Despite the high accuracy scores obtained, these methods focused on the extraction and fusion of features, but these features were easily distorted after fusion making the detection of which of them actually affected the authenticity of information very difficult.
2.2. Credibility Assessment Models
Most studies in credibility assessment on social media were performed by supervised learning [40]. In 2011, Castillo et al. [1] pioneered an automated method to assess the credibility of tweets, selecting 15 key metrics to identify false information based on a DT model. Later, credibility assessment methods based on different machine learning models such as support vector machines [11], Naïve Bayes, k-nearest neighbors, DTs, logistic regression, and random forest [23] were proposed achieving good results (Table 1) in assessing the credibility of social media information based on feature engineering methods and machine learning algorithms.
With the emergency of neural networks, the exploration of deep learning models for rumor detection has been widely used. Deep learning presents a robust learning capacity by using feature vectors, enabling the extraction of higher quality and more representative data features. However, its “black box” nature often obscures the inference process [41]. Unimodal approaches typically capture text features through deep learning models such as Bi-LSTM, graph attention networks (GAT), and pre-trained models (BERT, GPT, etc.). In contrast, multimodal approaches integrate multiple features through feature fusion and feature interaction. Previous research focused on two aspects: (1) the fusion of different types of features and the learning of associations between multimodal features [12, 13, 19] and (2) the construction of features through cross-attention [42], semantic alignment [3], similarity matching [43], and consistency learning [44] mechanisms to discover patterns between associated features, aligned entities, similar semantics, and coherent images and texts during feature interaction.

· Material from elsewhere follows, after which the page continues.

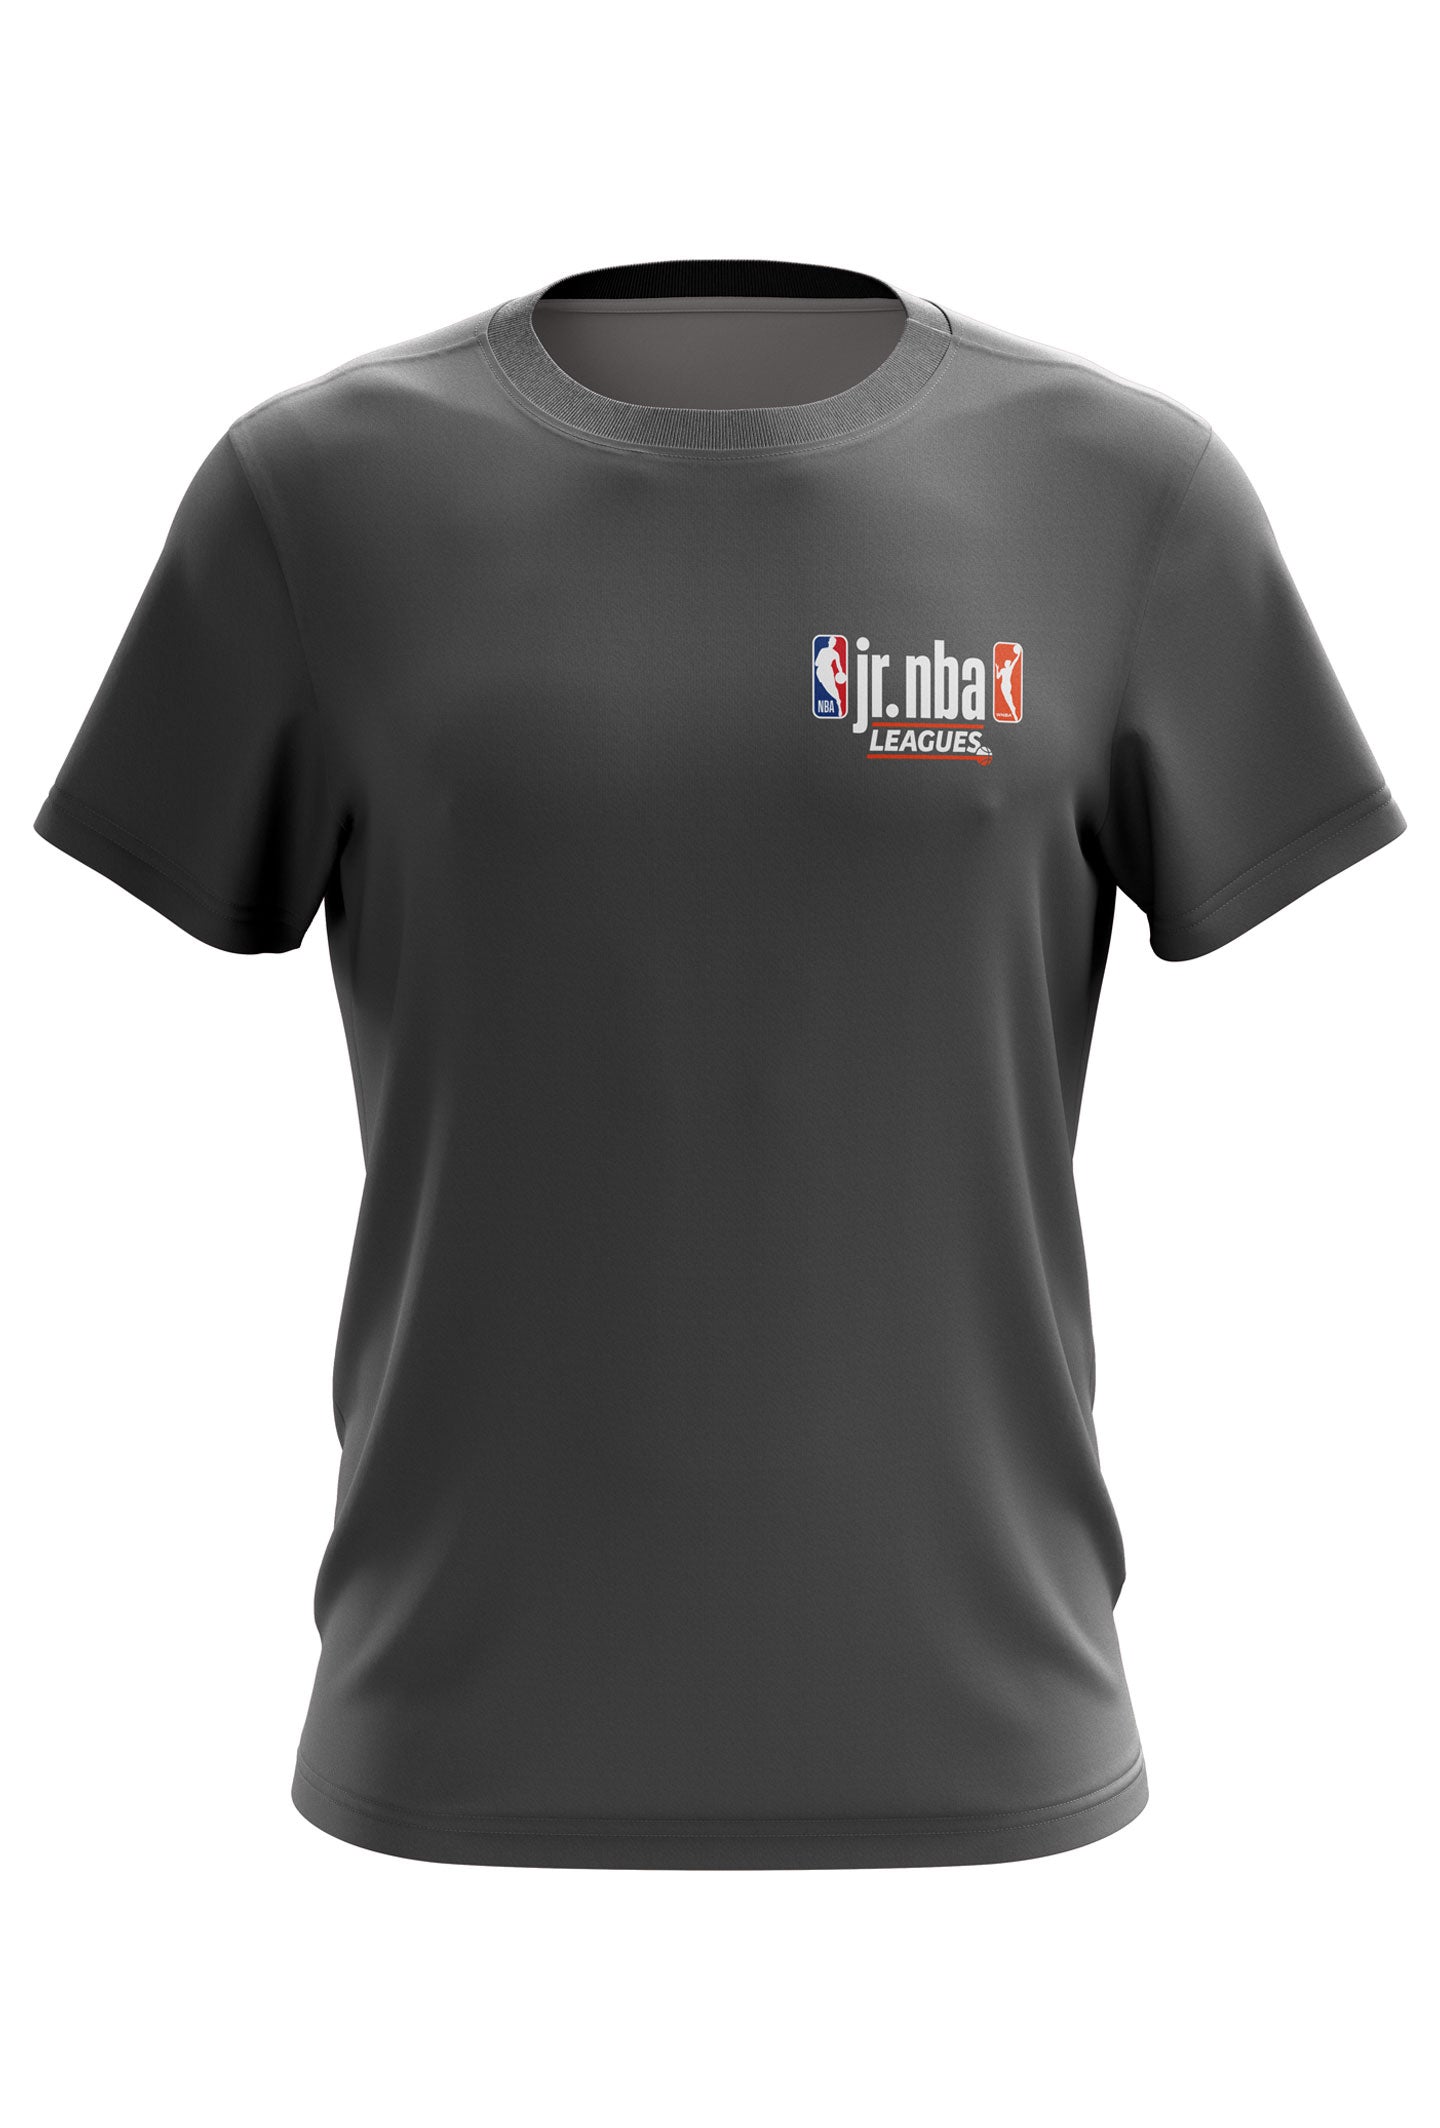 Jr. NBA Leagues Coach T Shirt

However, the complex interactions between multiple modalities and the intricate neural network architectures made the readability, i.e., the interpretation of how the model arrives at its decision, of these methods very difficult. To address this problem, some studies have attempted to link textual content with comment features (or external knowledge) [45] or to investigate the semantic inconsistency between images and text as indicators of false information [46]. Nevertheless, the performance of these methods was compromised as they tended to focus on single correlations or inconsistencies and ignored more complex interactions and underlying semantic relationships in multimodal information. They also faced challenges in explaining the modeling decision-making process, especially when dealing with large-scale and diverse social media data.
Because of the inexplicability of deep learning methods, BRB inference methods have been widely used in the fields of assessment and prediction in recent years [29, 30]. BRB inference methods present clear inference paths as well as high prediction accuracy [47]. They are developed on the basis of the traditional IF-THEN rule-based expert system and on the evidential reasoning (ER) method being suitable for constructing complex nonlinear causal relationships between both premise and result attributes under uncertain conditions [47]. Most scholars have been using the rule-base inference methodology using the evidential reasoning (RIMER) [48], as it fits both deterministic and stochastic systems with sufficient accuracy. RIMER is particularly effective in handling complex uncertain problems that cannot be easily expressed through deterministic and stochastic mathematical models [49]. However, when too many features are present, RIMER leads to an excessively large rule-base modeling, facing the rule combination explosion problem [50]. To solve it, scholars proposed the HBRB inference method [51], which can significantly reduce the size of the BRB approach, and it is able to construct an assessment system according to the actual structure of the system. Based on this, Cao et al. proposed a new optimization method to ensure the consistency of the HBRB model, making it more suitable for assessment of reliable fault diagnosis in inertial platforms [30]. This method was able to optimize the model by calculating the deviation between the assessing results of sub-models and the real values adjusting the parameters and the weights of rules. To date, it has never been used in information credibility assessment.
3. Method
This section describes the proposed credibility assessment method with ante-hoc interpretability (Figure 1). The method was divided in two steps. Firstly, three features, i.e., text (comments and content), image, and user information, were selected, extracted, and processed, and secondly, the HBRB information credibility inference model was constructed for analyzing multimodal features.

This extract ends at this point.